Saturday, May 29, 2010

by the wayside...





I'm not sure where I developed a love for writing, however sick and demented I was at that time, I wish I hadn't ever conjured up the thought or desire. Writing is one of the most painful experiences one can actually endure; the opening of the mind, the pouring out of the heart, and the riddling of ones mind often absent of reason or logic. These past few months have been such a hellaciously beautiful endeavor through the utter-unknown and the remarkable-abyss of chasing dreams and running from fears.

I don't own a tap out hat, an affliction shirt, or a pair of combat boots. So, without much more relinquishing of boring self-details one could easily derive how much an "un" macho guy I am. I don't like to drive fast, blast rock music, or kick babies (maybe not so macho). I'm not good at pick-up lines or spitting-rhymes, I don't blow cash or rock-a-stache, realistically speaking, I'm more of a Tooth-Fairy than a Dirty Harry.

This torrential-downpour of self-deprecating slander doesn't come from a hidden-bitterness towards potent-masculinity but mainly at the sad-reality that the lack thereof makes one undesirable in today's culture. Maybe I just don't get it, that would explain about 20 something years of relative and actual inevitable-singleness. It's not that options haven't presented themselves, it's just never felt right. I've always dodged in-&-out of potential relationships for a billion fears; 98% uneducated assumptions of how pathetically I'd fail.

I converse often with my married pals, a multiplicity of them have given me their thoughts and opinions on how and why I'm in such a unique predicament. Usually it ranges from it's not God's timing to your too picky, or the worst one, your probably not ready. I love that one though. I think to myself about all my unique and undoubtedly off putting selfish habits and prideful endeavors and have to realize the sad potential of those all someday ending.
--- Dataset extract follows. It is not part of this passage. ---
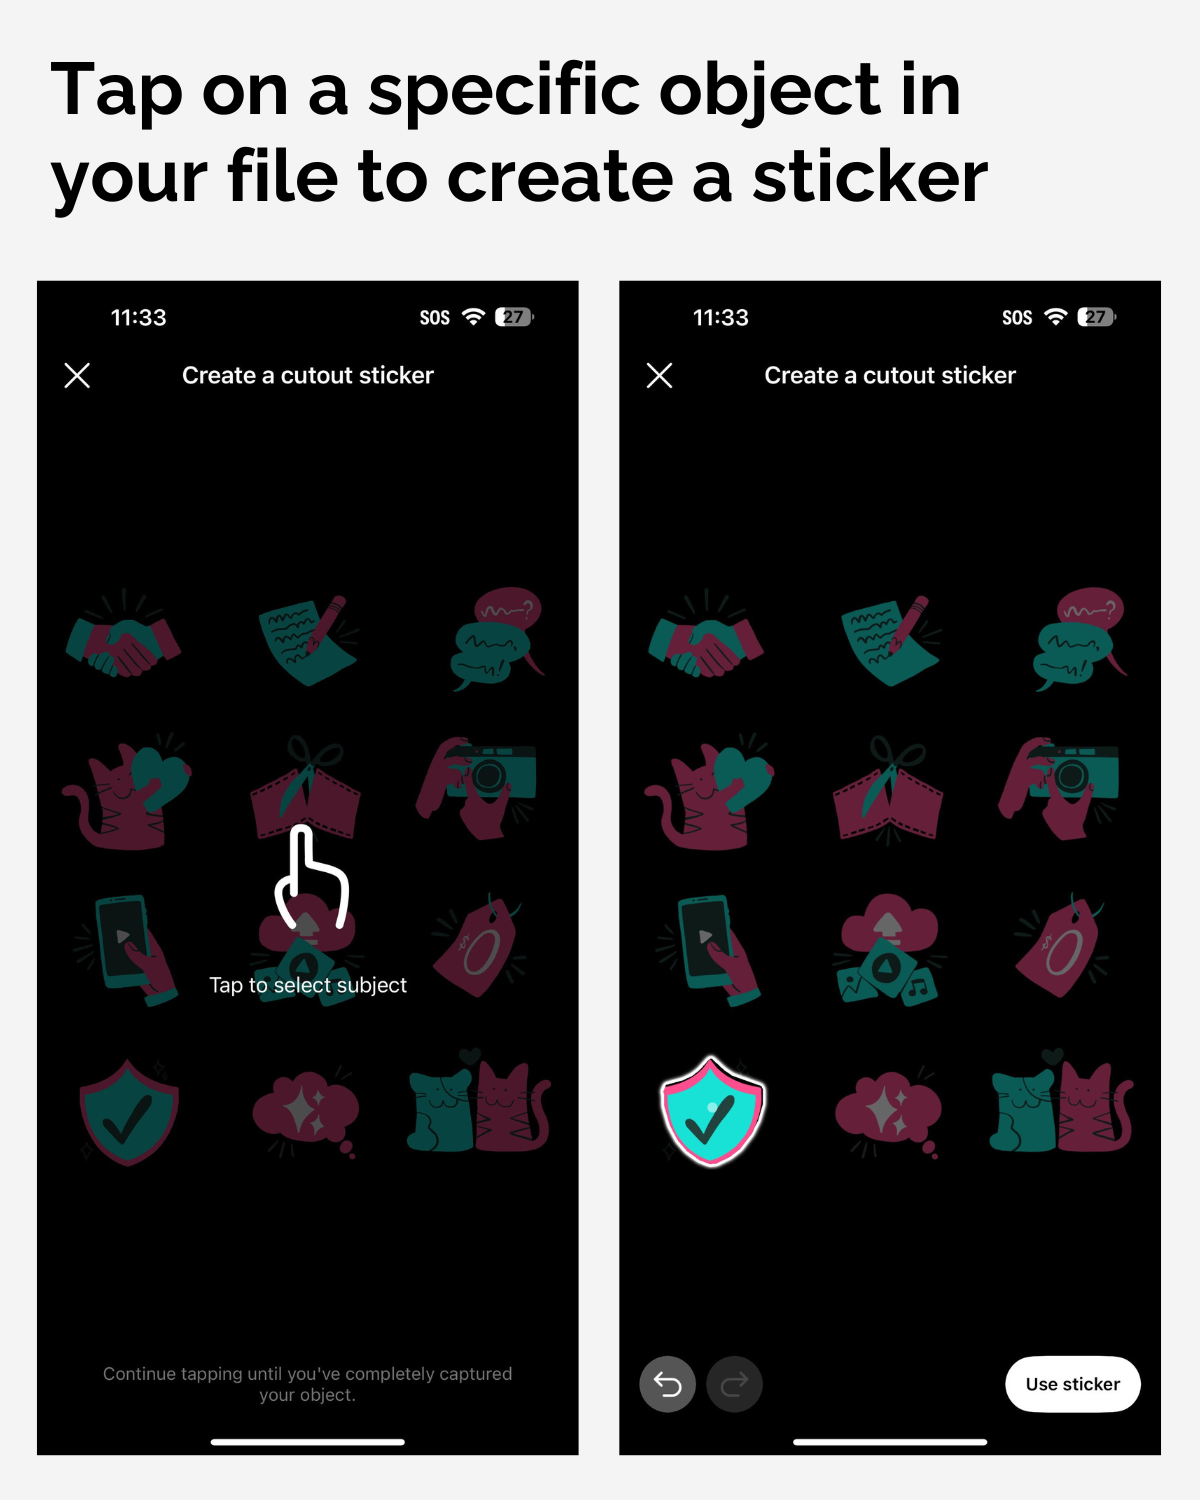 Instagram Cutouts: How to Make Custom Stickers on Instagram
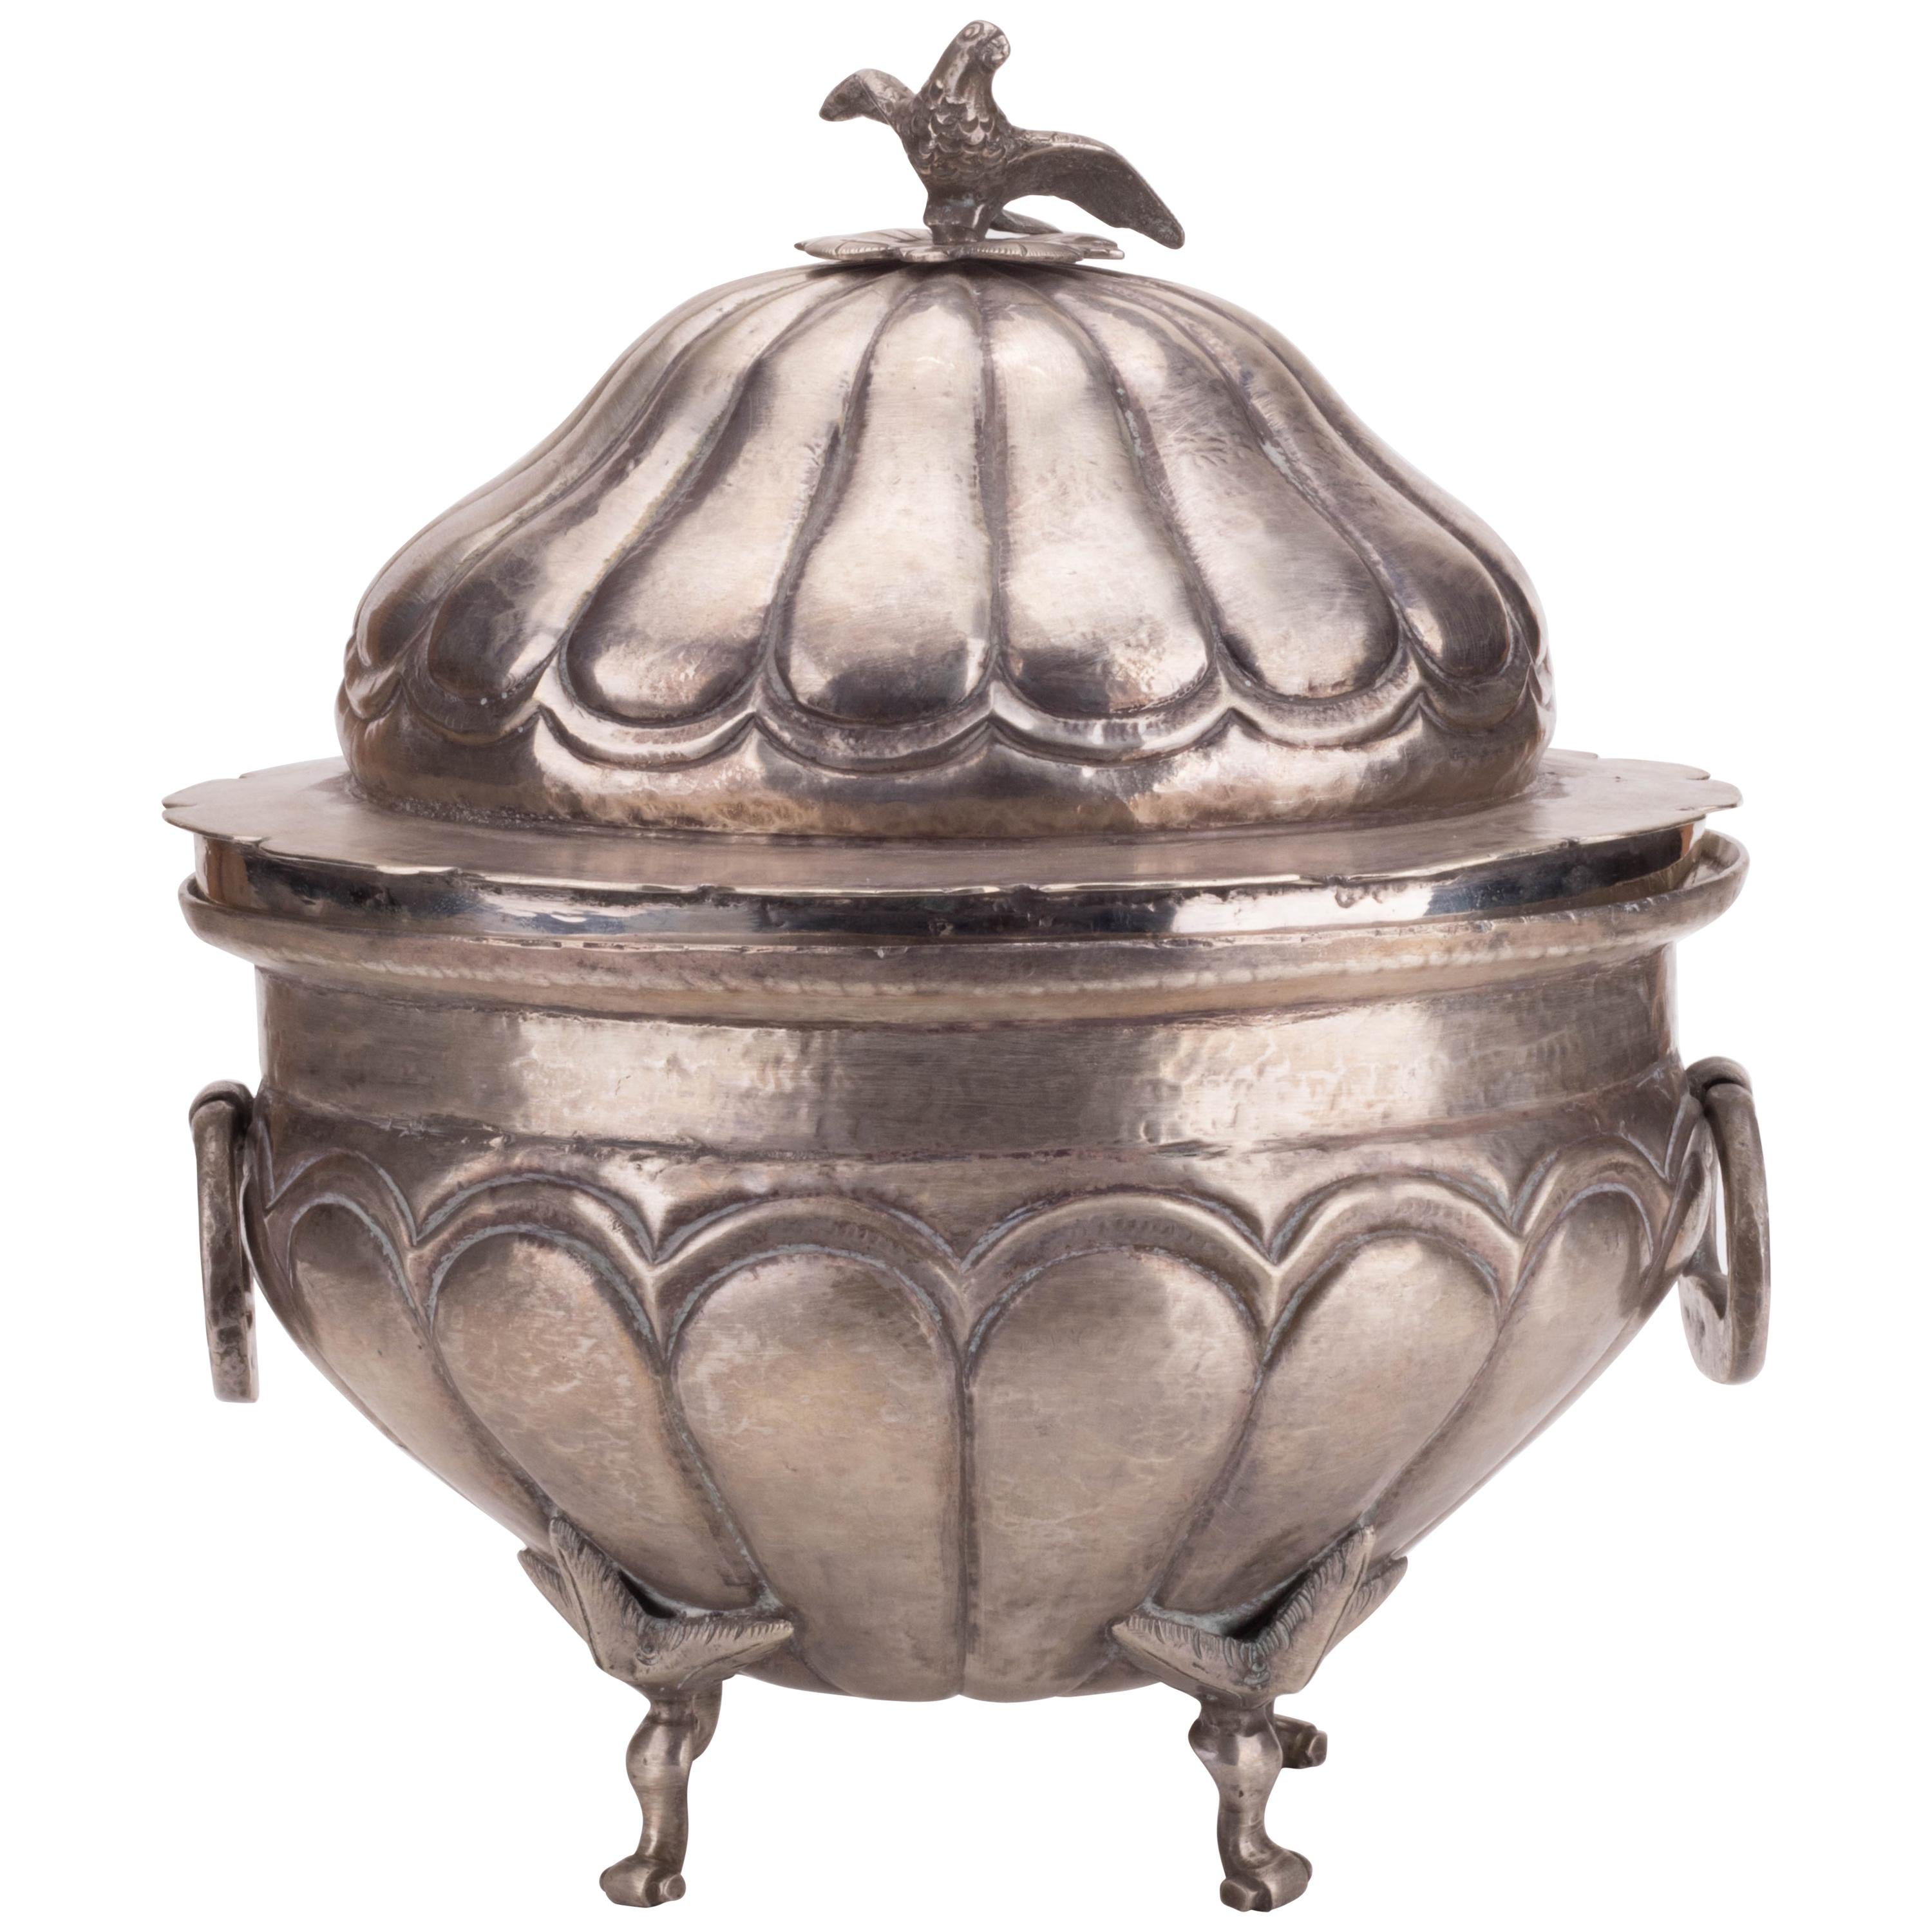 1780s Colonial Peruvian Tureen with Side Handles and Dove Shaped Knob on Lid

I've walked the streets of Europe and the beaches of Cali, all solo, always wondering how much different life could be. However, I'm eternally tied to the reality that I have become so content in my oneness and singleness embarking on any attempt to be conjoined seems unnecessarily painful and awkwardly wasteful.

I've been inspired by a friend lately who is in his mid-20's and has a great job, great joy in His faith, and a solid-foundation of living life with/or/without a special 'someone' floating around nearby. I've discovered that living life happily alone is the only key to potentially living life happily together later-on. Now, granted, many people get together with someone so early that they never discover themselves; and sadly become a shade of someone else colors. I've found myself in what I believe; found who I am in the things that I 'am-not.'

"No man for any considerable period can wear one face to himself and another to the multitude, without finally getting bewildered as to which may be the true."~Nathaniel Hawthorne, The Scarlet Letter


this is me. being me.
4th grade. when keepin it real was natural.